Refund first, litigate later: what changes operationally

If the CJEU follows the opinion, banks would need to redesign both claims handling and fraud governance. The first decision point would no longer be “was the customer negligent?” but “is there a documented basis to suspect customer fraud and has that been formally reported?” If not, the refund should be made immediately.

Only after reimbursement could the bank try to recover the money by proving that the customer acted intentionally or with gross negligence in breaching security obligations. If the customer does not repay voluntarily, the bank would have to bring legal proceedings. That shifts litigation pressure away from victims who may lack the resources to contest a denial while also absorbing the financial loss.

Issue Before this opinion in many bank disputes Advocate General’s PSD2 reading
Immediate refund after phishing-related unauthorized payment Often withheld while the bank assesses customer conduct Required without delay in most cases
Role of customer gross negligence Used to deny reimbursement upfront Not a valid reason to withhold immediate refund; relevant later for recovery
Exception allowing delay Sometimes framed broadly by the bank Suspected customer fraud only, with written notice to authorities
Who carries the burden of suing Victim often has to challenge the bank’s refusal Bank refunds first, then sues if it wants recovery

Why this matters for bank systems, not just legal teams

A refund-first rule changes infrastructure requirements. Banks would need faster classification of unauthorized transactions, clearer escalation paths for fraud suspicion, and auditable workflows showing whether and when authorities were notified in writing. A generic negligence review would no longer be enough to justify delay.

It also raises the cost of weak fraud controls. If reimbursement must happen quickly, banks have stronger incentives to improve transaction monitoring, behavioral analytics, and context-aware authentication that can catch social engineering patterns before funds leave or before mule accounts disperse them.
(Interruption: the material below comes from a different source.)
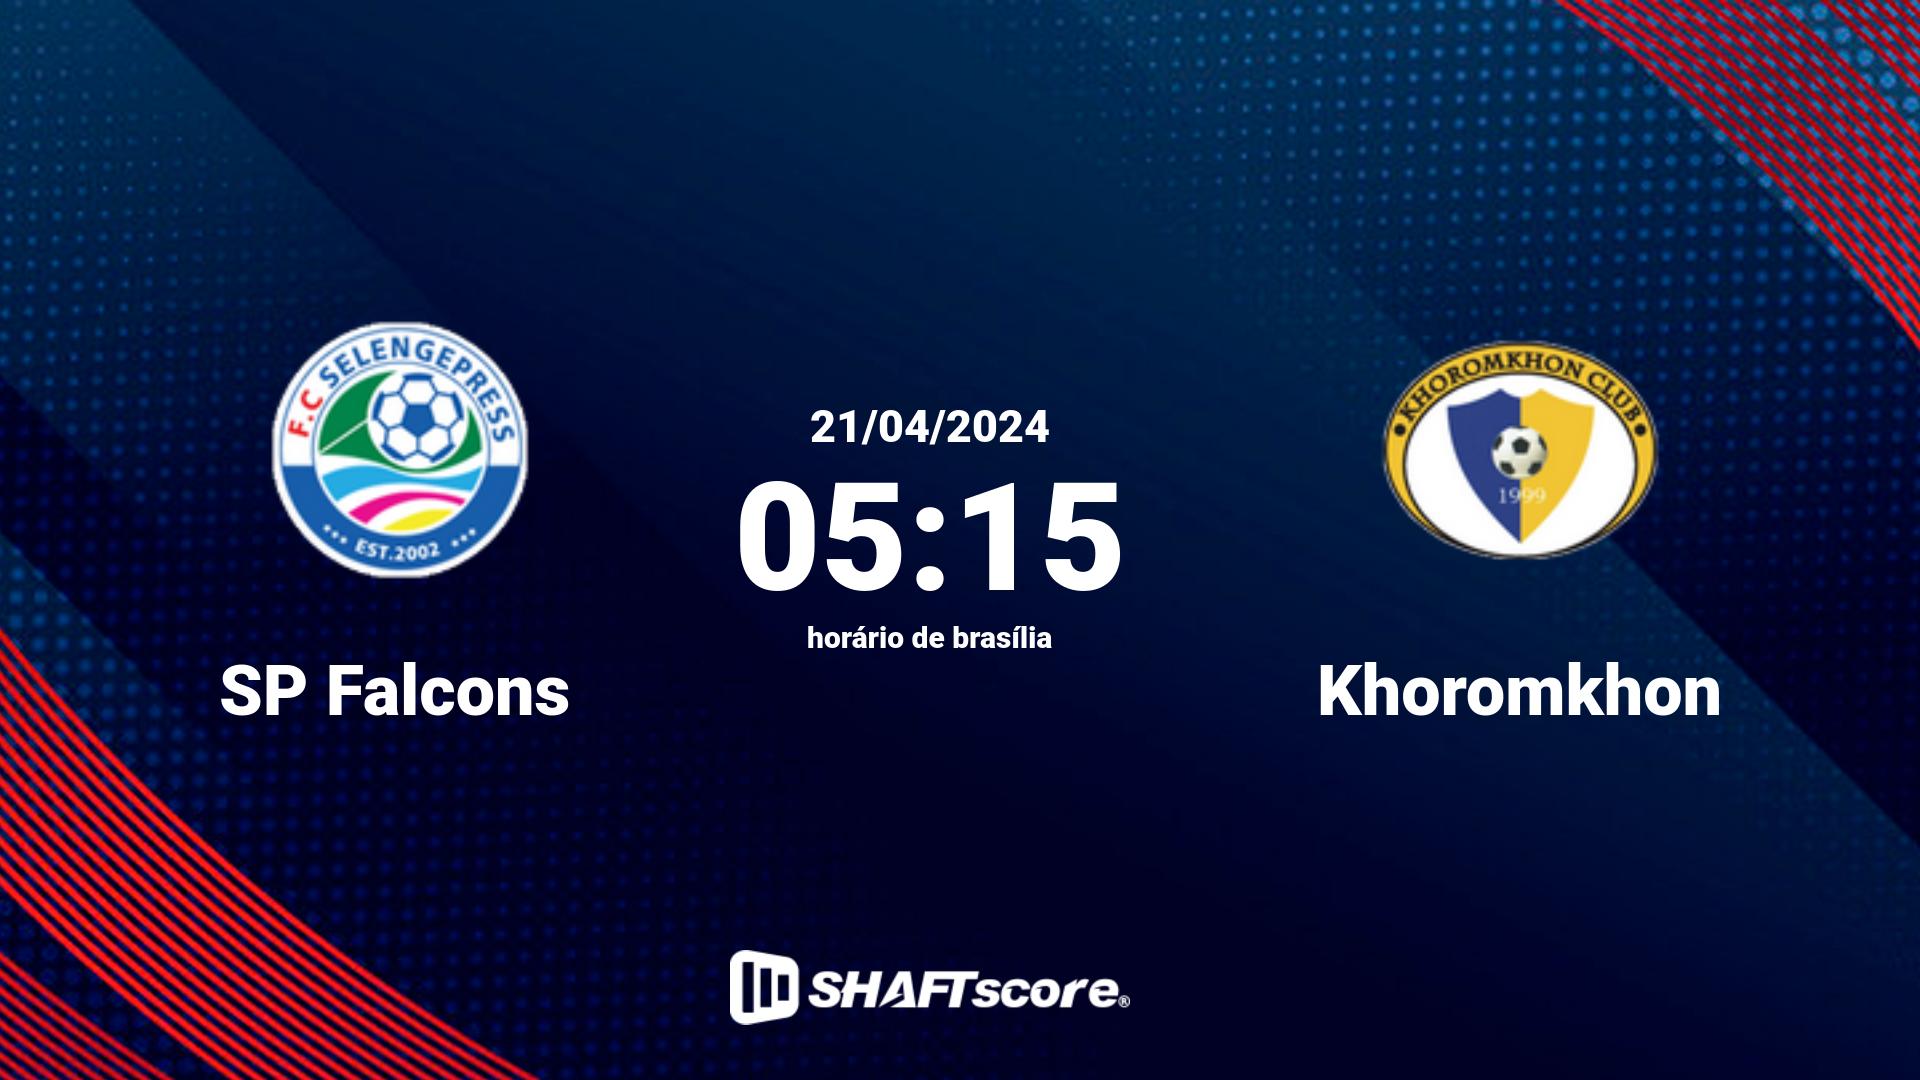 Estatísticas do jogo SP Falcons vs Khoromkhon 21.04 05:15

The opinion does not create those technical duties by itself, but it makes delayed reimbursement a less available fallback.

For customers, the practical effect is immediate liquidity protection. A phishing victim would not have to wait through a long negligence dispute while account balances remain depleted. For banks, the trade-off is higher short-term reimbursement exposure and a greater need to pursue recovery through evidence and litigation rather than claims-stage refusal.
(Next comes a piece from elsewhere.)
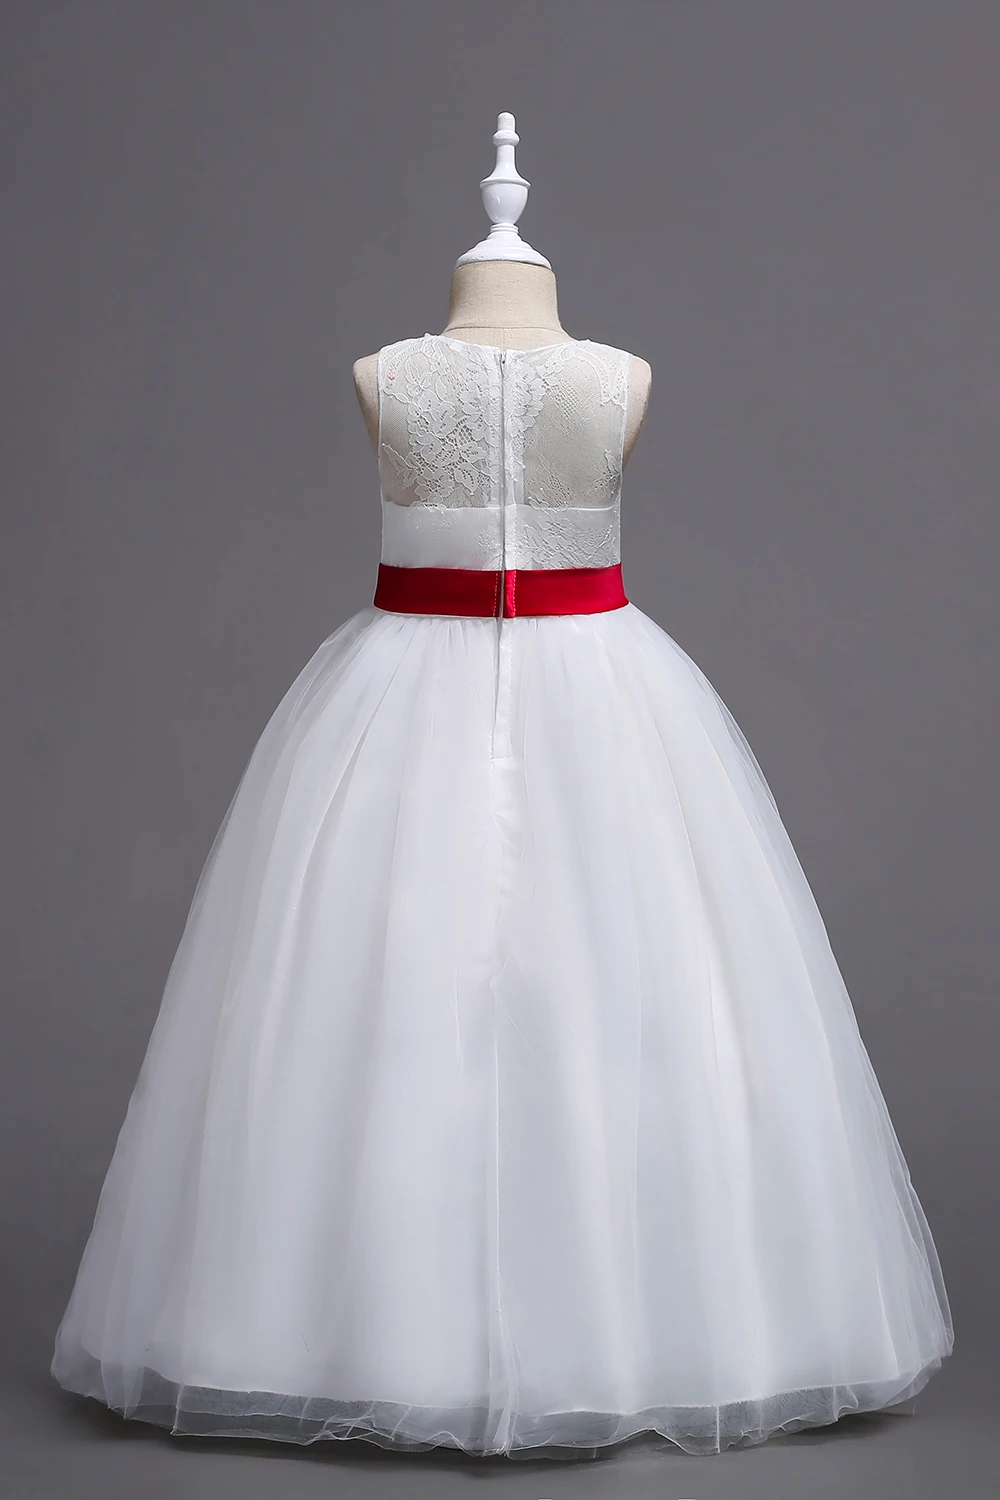 Белые Платья с цветочным узором для девочек кружевное бальное платье 2019 года, пышные платья для девочек с бантом, платья для первого

a close up of a book with an open page

What the opinion does not settle yet

The Advocate General’s view is influential but not binding. The next checkpoint is the CJEU’s final judgment on whether it adopts this refund-first, litigate-later interpretation of PSD2. Until then, the opinion is a strong signal, not the last word.

It also does not mean customers are automatically free from liability. The correction to make is narrower: banks cannot simply deny refunds upfront by alleging negligence, unless they are in the separate category of suspected customer fraud and have followed the formal reporting route. A bank may still try to recover losses later by proving intentional misconduct or gross negligence.

Quick Q&A

Does this opinion mean every phishing victim wins permanently?
No. It means the bank should usually reimburse first. The bank may still seek repayment later if it can prove the customer acted intentionally or with gross negligence.

Can a bank delay the refund just by saying the customer was careless?
Not under the Advocate General’s reading. Carelessness or gross negligence is not enough to block immediate reimbursement.

When can a bank withhold reimbursement immediately?
Only where it has reasonable grounds to suspect customer fraud and reports that suspicion in writing to the relevant national authority.